The Tehama Railroad Bridge is a railroad bridge that crosses the Sacramento River. It is located next the town of Tehama, California.

==History==
Beginning in September 1870, a surveying crew for the California and Oregon Railroad, at that point a subsidiary of the Central Pacific Railroad, began working in the area around Tehama, California for a new railroad bridge that would also allow for wagons to cross. By June 1871, work crews for the railroad had finally reached the town of Tehama. The railroad was built through the town's Chinatown quarter.

By June 4, the work to construct this first iteration of the bridge had commenced. Materials for construction of the railroad bridge and surrounding right of way began arriving in the following weeks, with up to 60 bridge builders being brought in, alongside a grading work crew.
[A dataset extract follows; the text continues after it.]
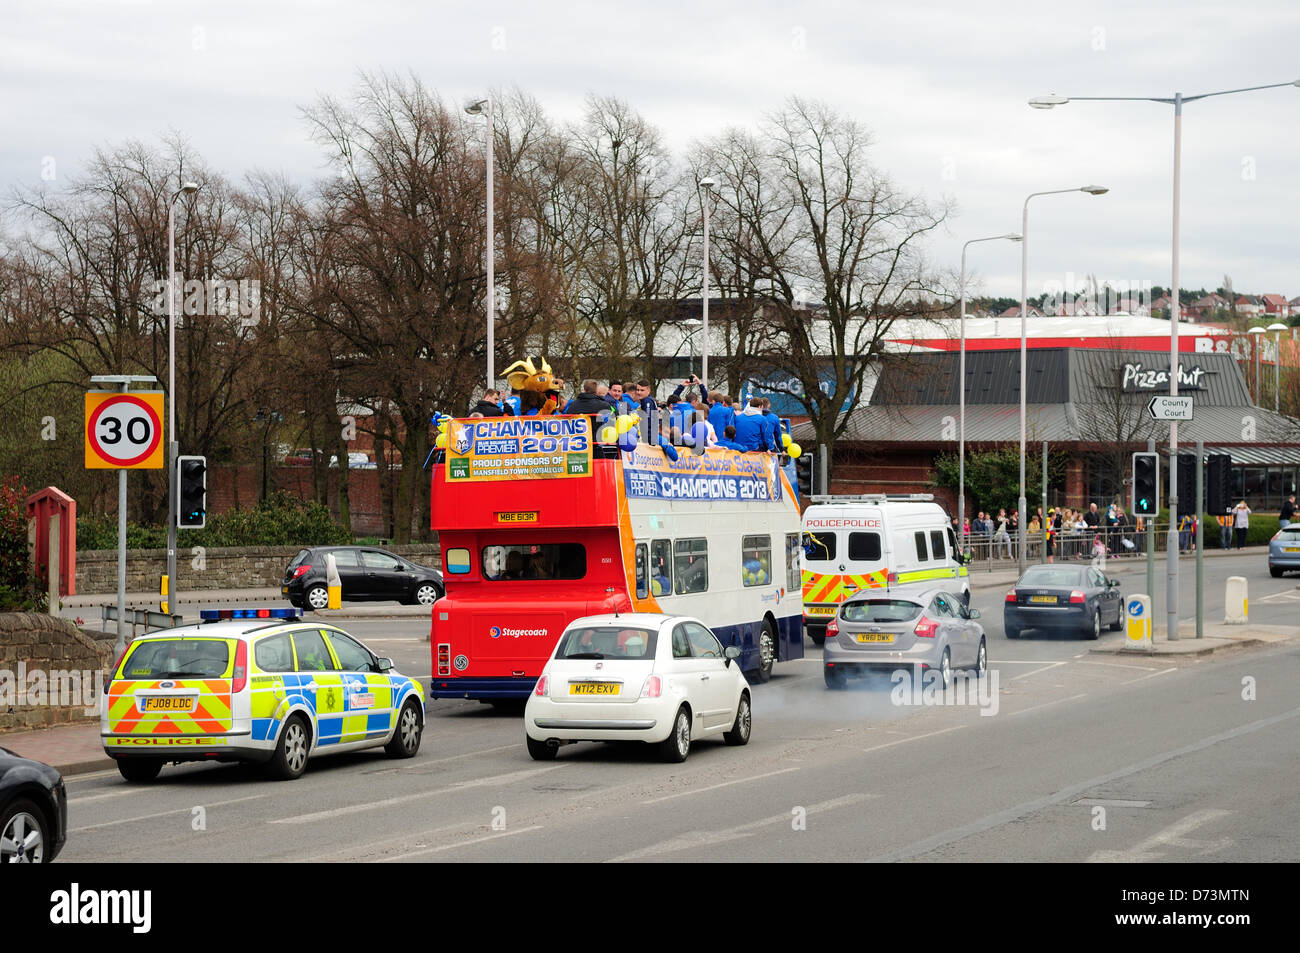 28th April 2013, Mansfield, Nottinghamshire, UK. Mansfield Town F.C. celebrate promotion back to league football next season (2013-2014)with an open top bus tour of the town.Fans turned out along the route singing and chanting as the team bus past by. Alamy Live News. Stock Photo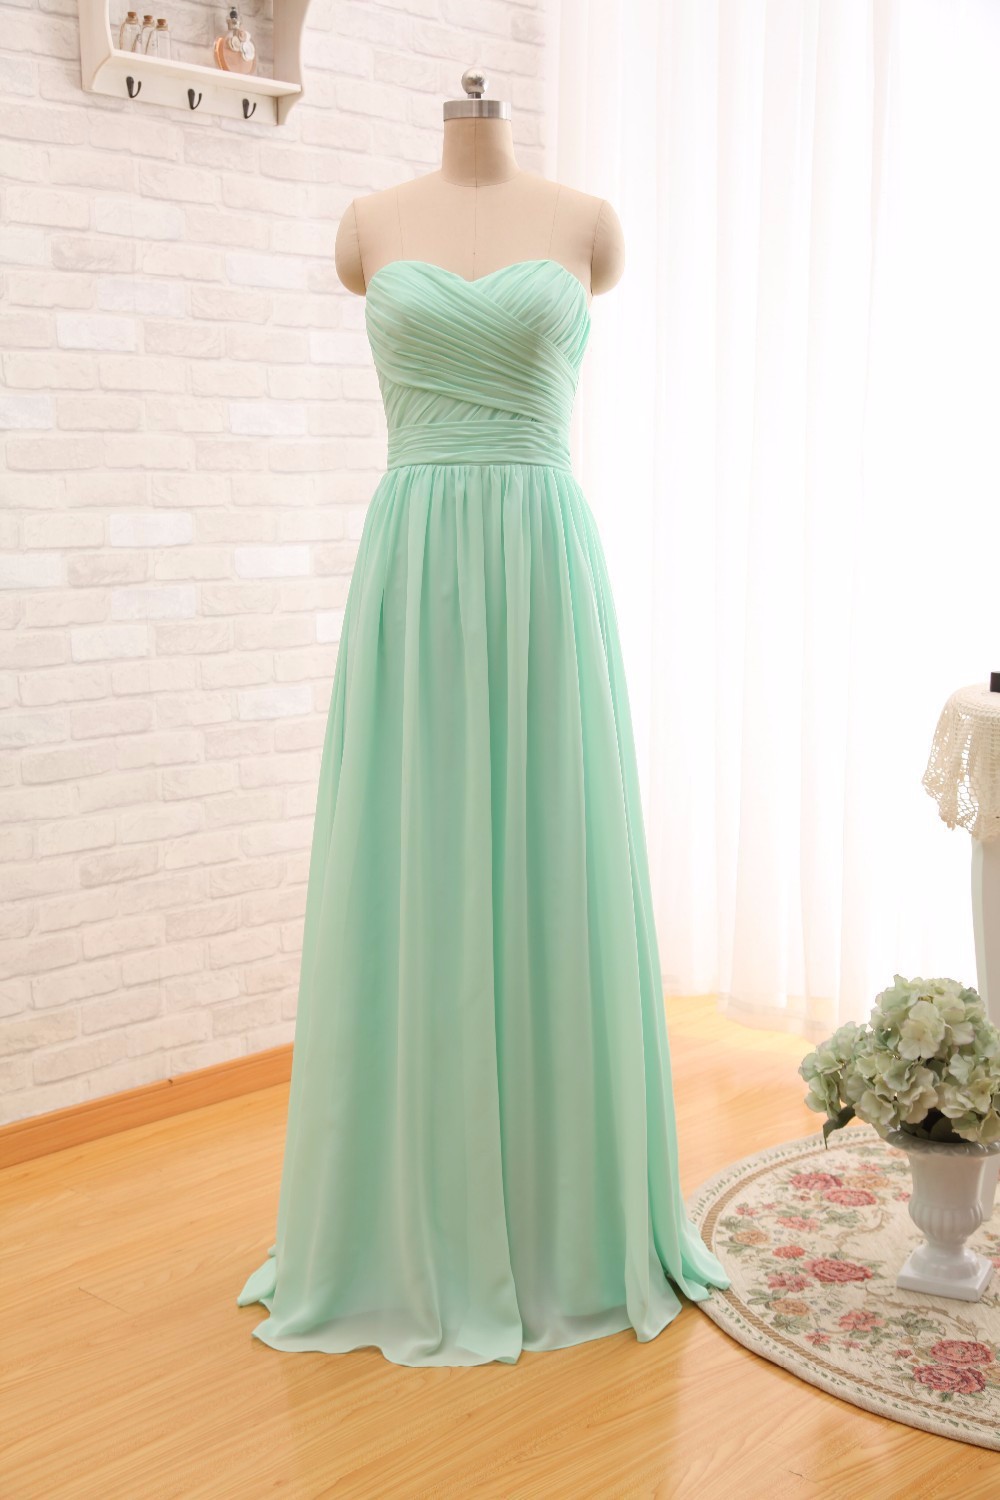 2017 Long Mint Green Bridesmaid Dresses Sweetheart Floor Length Chiffon A-line Wedding Party Dress Prom Gowns

It took these work crews a little over two months to complete the work, eventually finishing on August 12, 1871.

The first train to cross the bridge was the locomotive "Falcon", and then the "Clipper" locomotive, which had attached to it a baggage and passenger car. Regular passenger trains would not arrive in Tehama for several days because the depot was not completed at the time of the bridge's completion.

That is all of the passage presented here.